Other comparison features

ccv
lbp
lpips
hu moments

Data

Face are detcted with insightface (Tiles with 3000 tilesize, scale factor 1, and rotation factor 0° and ±45°) and face landmarks (for alignment are stored). Tags come from the groundtruth if it can be matched with detected faces.

Transform

Derived from that we have two basic extractions, normal (no tag) and transformed (t).

normal	transformed

Transforms are certainly helpful for face comparison but should also be helpful to non-face features which are not rotation invariant. The drawback is that the face detection algorithm should provide face landmarks with which to align the faces. Not all of them provide face landmarks so this prevents the use of some face detectors, although the current best from the prior paper, insightface, does provide face landmarks.

Context

This is the additional image information around the face which is included in the extracted image, either with 50 pixel context on each side from the source image (c50) or no additional context (nc), see above for nc examples.

c50	c50t

This is used for face comparison, as face algorithm often have an assumption about face to image ratios which the images without context might exceed. For texture features the extra context is likely detrimental as it will change even if the person does not.

First Evaluation

The basic idea is this, if a method can not differentiate between two figures (Wenzel vs.
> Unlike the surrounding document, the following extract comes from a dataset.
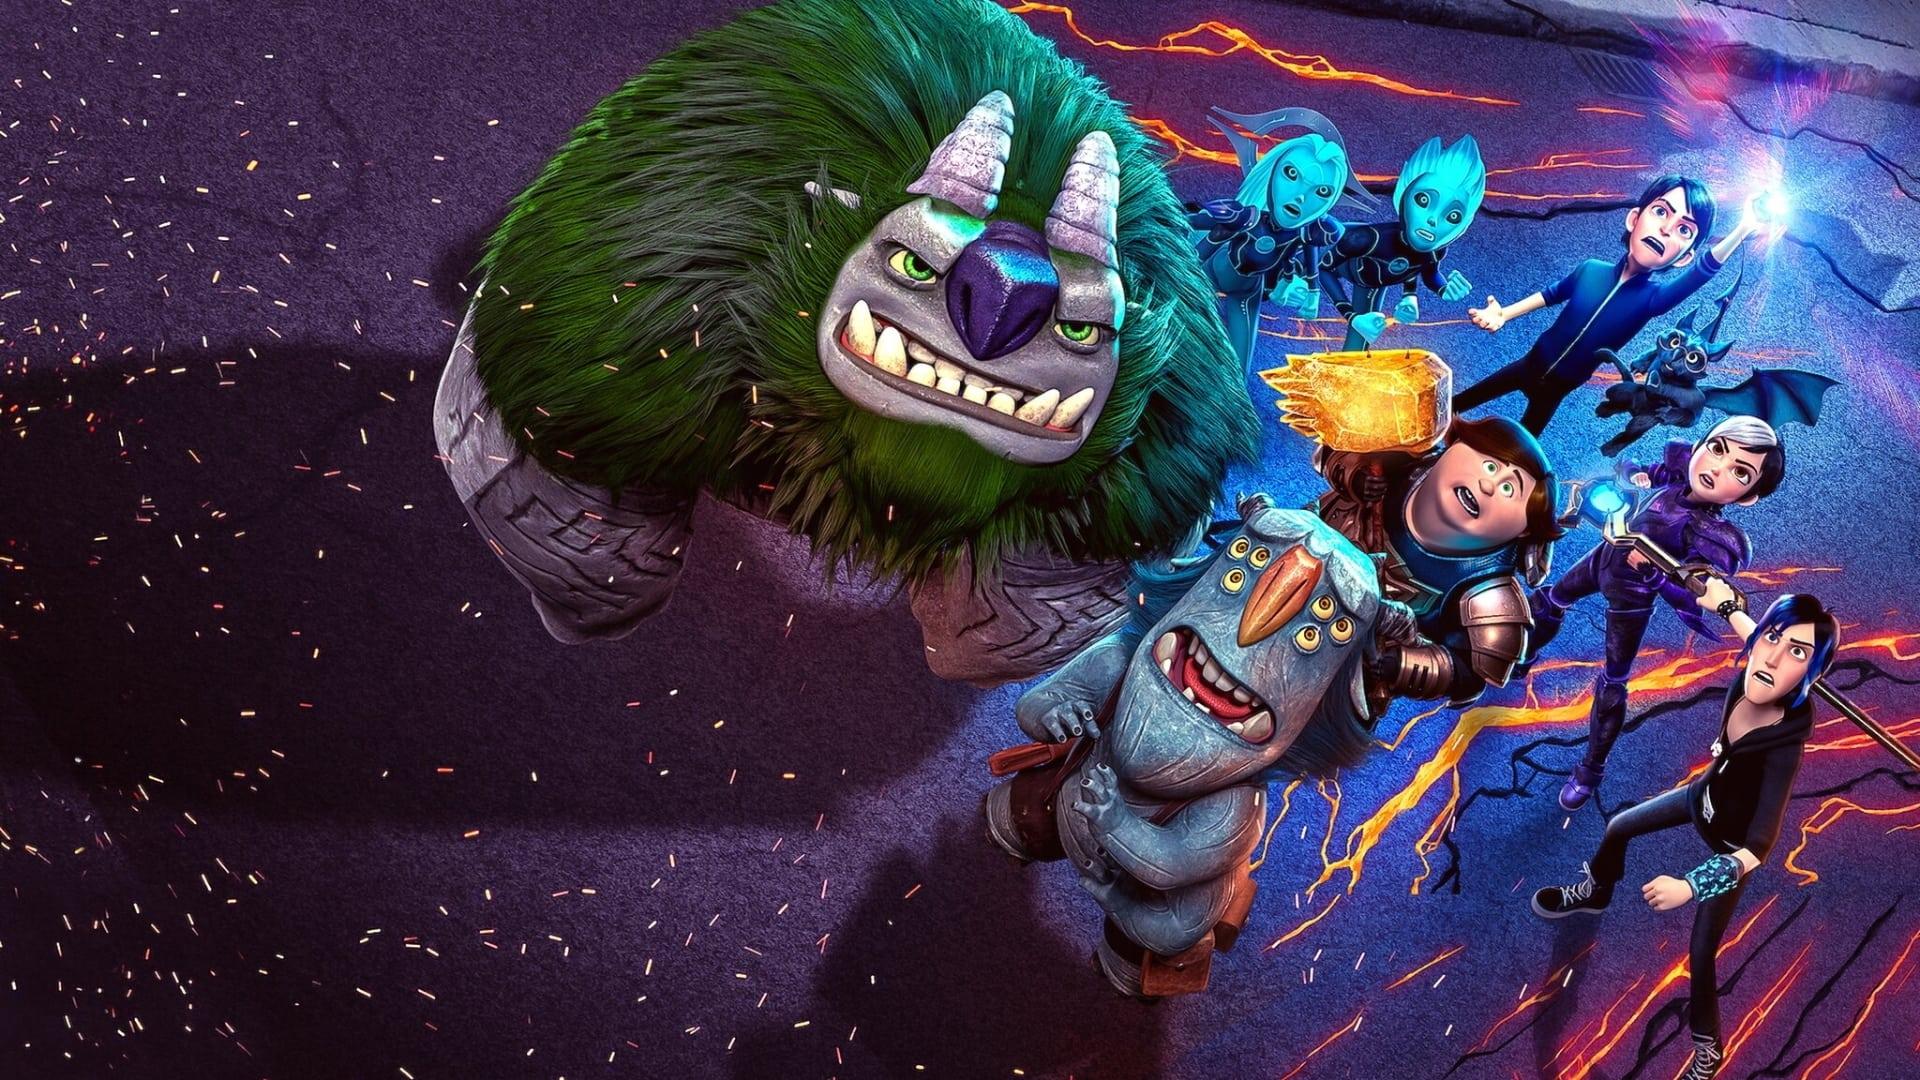 Película Trollhunters: El despertar de los titanes en GNULA

Bademagd) then it is useless in trying to differntiate between potential painters of a single figure (wenzel).

As an attempt for clarify what is expected here is a quick experiment using real faces (as we know face recognition works on them). There are two classes, one is a composed of 6 faces from a single person (Yassar Arafat) and one is composed of two persons with 3 images each (Zico and Zoran Djindjic). Between the two clases will be a real imposter comparison. The single person class (ya) has true genuine comparisons and the two person class (zz) has genuine as well as imposter comparisons.

These are the expected outcomes for these classes. The single person class should be well separated from the imposter distribution and the mixes class should span the range. This is a bit of an 'optimal' scenario, but what should be visible is a distribution outside the imposter distribution.

The bademagd vs. wenzel is certainly a proper imposter distribution. The bademagd class might well be, as it is not intended to be the likeness of a single person. The Wenzel class should be either genuine fi the by the same artist, as the artist endeavours to depict a single (idealized) person. In the case of mulitple painters the version of Wenceslas bewtween painters might well differ and we would get a mixed class, which should non-the-less show a distribution spanning outside the imposter range.

When it comes to the use of non-face features we can have a quick look at lpips (the best texture feature from this test) on the real images test.

This distribution is a lot less nice but in a way reflects reality better, as the imposter and genuine distributions overlap. The basic distributions expalined above however are still very much there. This also showcases that these texture features can differentiate faces.

Non-face features

First let's look at the non-face recognition feature comparison. The expectation is that the transform may help, and that context does not help.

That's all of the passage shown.